[ogg-dev] OggPCM proposal feedback

Fri Nov 11 01:10:26 PST 2005

On Fri, Nov 11, 2005 at 07:17:53PM +1100, Erik de Castro Lopo wrote:
> We're talking about a file header here. Even if the header is a kilobyte in
> size, it will be completely **dwarfed** by the audio data following. So why 
> are you counting single bits like this?

Why waste?  You only have to read the header once for a stream, and libogg2 
provides a convient bitpacker which can easily grab any number of bits and give 
you an int containing their value.

Just because you /CAN/ waste a few bytes, what's the reason to do so?

> > I really don't like this idea, but I will entertain, formatting it as follows:
> > 
> > ID  Type  Bits  
> > 0   Int   8
> > 1   uInt  8
> > 2   Int   16
> > 3   Int   24
> > 4   Int   32
> > 5   Float 32
> > 6   Float 64
> > 7   Extended - Unsupported by any v1.0 software
> > 
> 
> 
> I have suggested something better.

I went back and re-read your suggestion, I'll paste in effort to ensure we're 
talking about the same thing:

>   c) I think having separate fields for things like signed/
>      unsigned/float and bit width is a mistake. I would suggest
>      instead a single field that encodes all this information
>      in a enumeration. Ie:
>
>         OGG_PCM_U8          /* Unsigned 8 bit */
>         OGG_PCM_S8         /* Signed 8 bit. */
>         OGG_PCM_S16
>         OGG_PCM_S24
>         OGG_PCM_S32
>         OGG_PCM_FLOAT32
>         OGG_PCM_FLOAT64
>
>      and so on. This scheme makes it very difficult to get
>      signed/unsigned and bitwith messed up.

With the exception of the top two being inverted, these tables look identical.  
You went on to suggest:

>   e) Consider whether the endianness should also be encoded
>      in the enumeration above. I would recommend that it is
>      resulting in:
> 
>          OGG_PCM_U8          /* Unsigned 8 bit */
>          OGG_PCM_S8         /* Signed 8 bit. */
>          OGG_PCM_LE_S16
>          OGG_PCM_BE_S16
>          OGG_PCM_LE_S24
>          OGG_PCM_BE_S24
>          ...
>          OGG_PCM_LE_FLOAT32
>          OGG_PCM_BE_FLOAT32
>          ...

This I did not put into the draft because, while a seperate endian flag is 
unused for 8bit samples, it greatly simplifies implementation when the libogg 
bitpacker is used, which is on a seperate layer than data decoding.  Both 
libogg1 and libogg2 allow you to read multi-byte values of up to 32 bits (no, 
this doesn't include 64-bit values) with the endian you specify.

It also nearly doubles the number of values which must be known/tested by 
implementors, which is something I believe should be avoided.

> A number of people have agreed with my suggestion. As yet, noone has stepped 
> forward to support your proposal.  Why is that?

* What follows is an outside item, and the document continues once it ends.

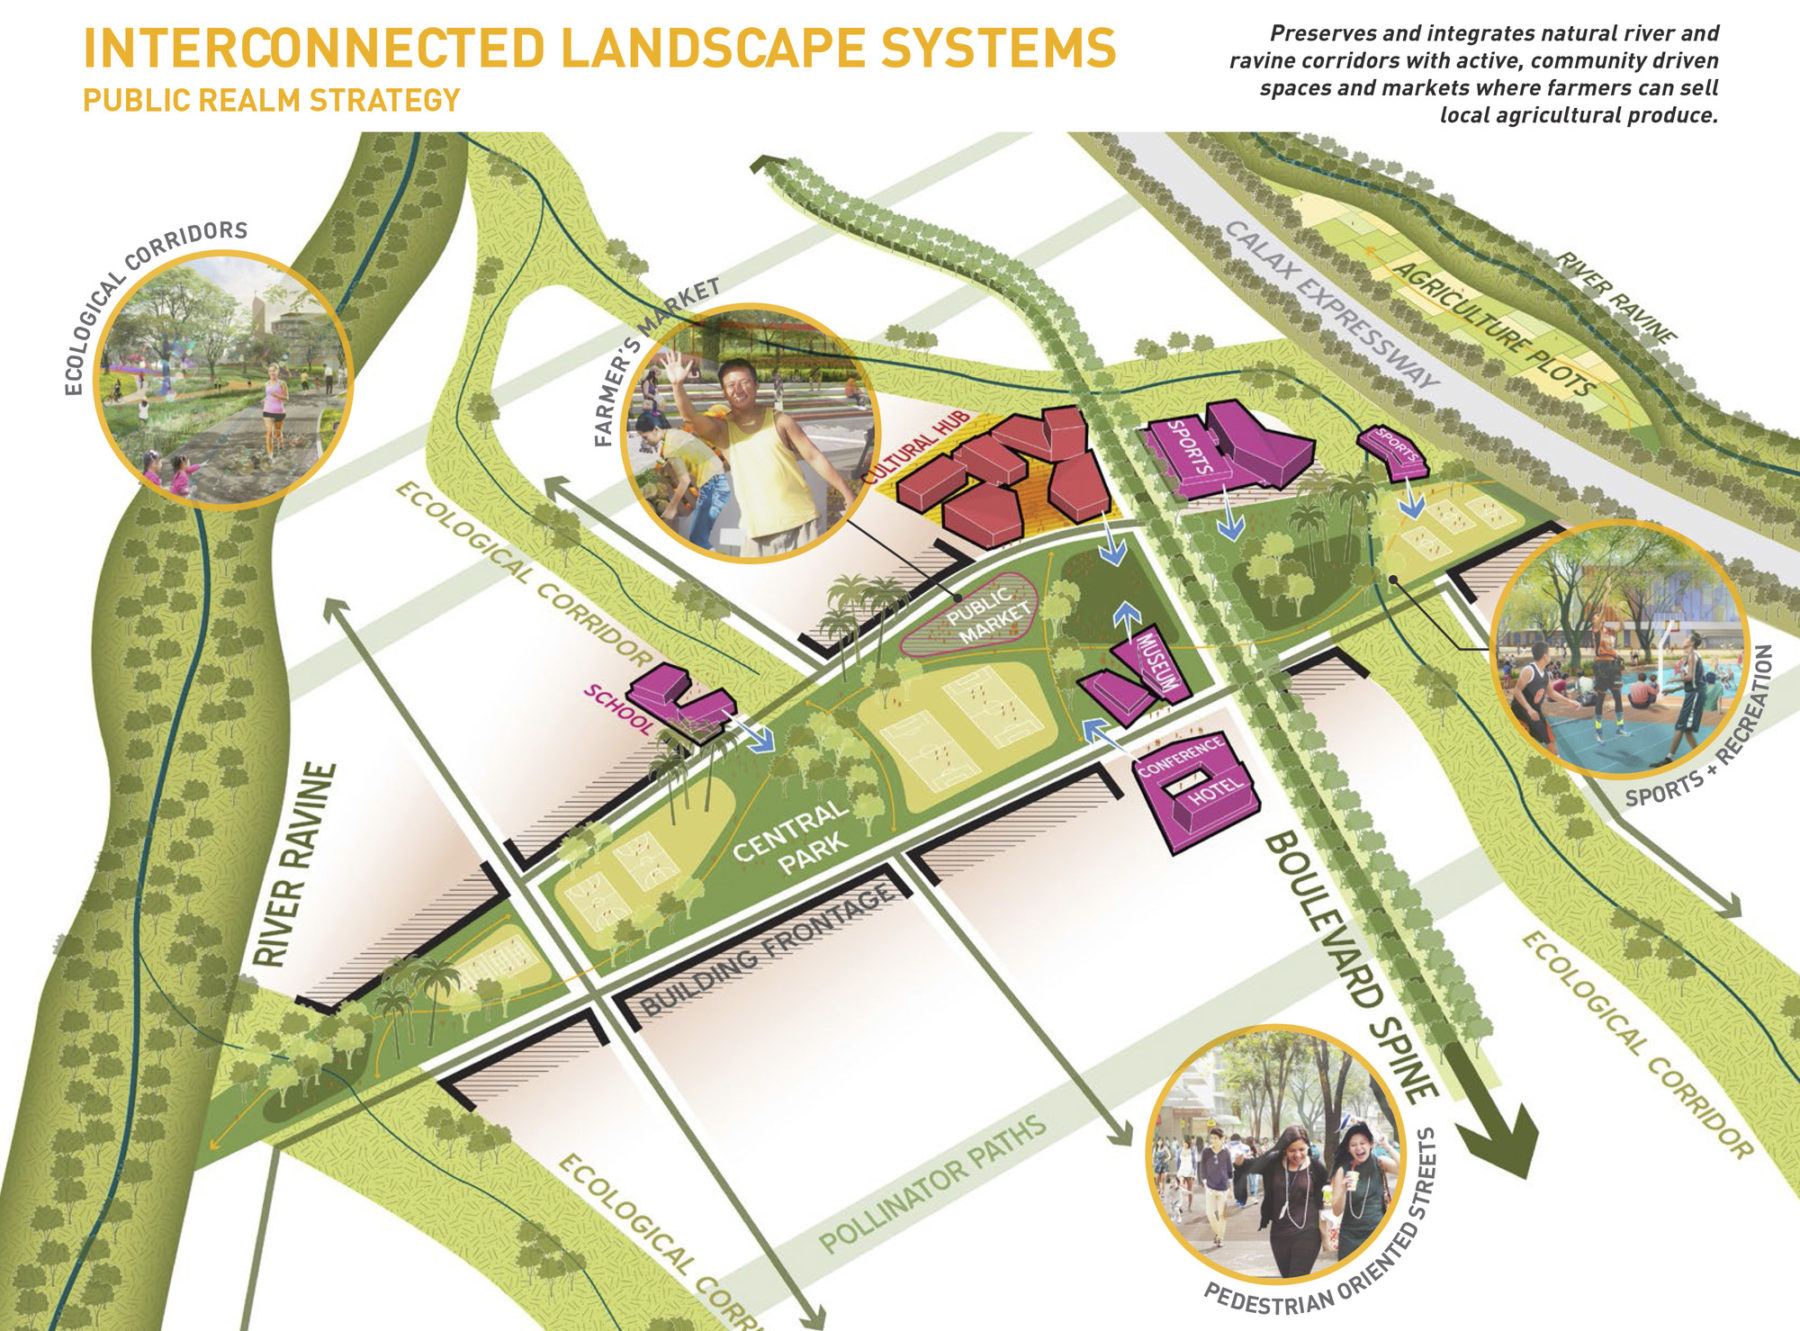 Graphic of interconnected landscape systems

I just did a scan over the thread, the wiki, and all the private mail on this 
issue - not one wrote in agreement with e), though many supported a method 
similar to c).  

No, I didn't put suggestion e) verbatim on the current draft.  It's still up for 
discussion and debate, however, the tone of your comments makes this difficult.

I know you're new to our little development community, so I'm responding with 
constructive feedback rather than ignoring your statements.  We don't operate in 
the bullish verbal-fistfight manner that some groups you may have worked with 
before do, the only thing such behaviors result in is either getting ignored or, 
if an issue becomes too "hot", it's dropped for a period of time (often months).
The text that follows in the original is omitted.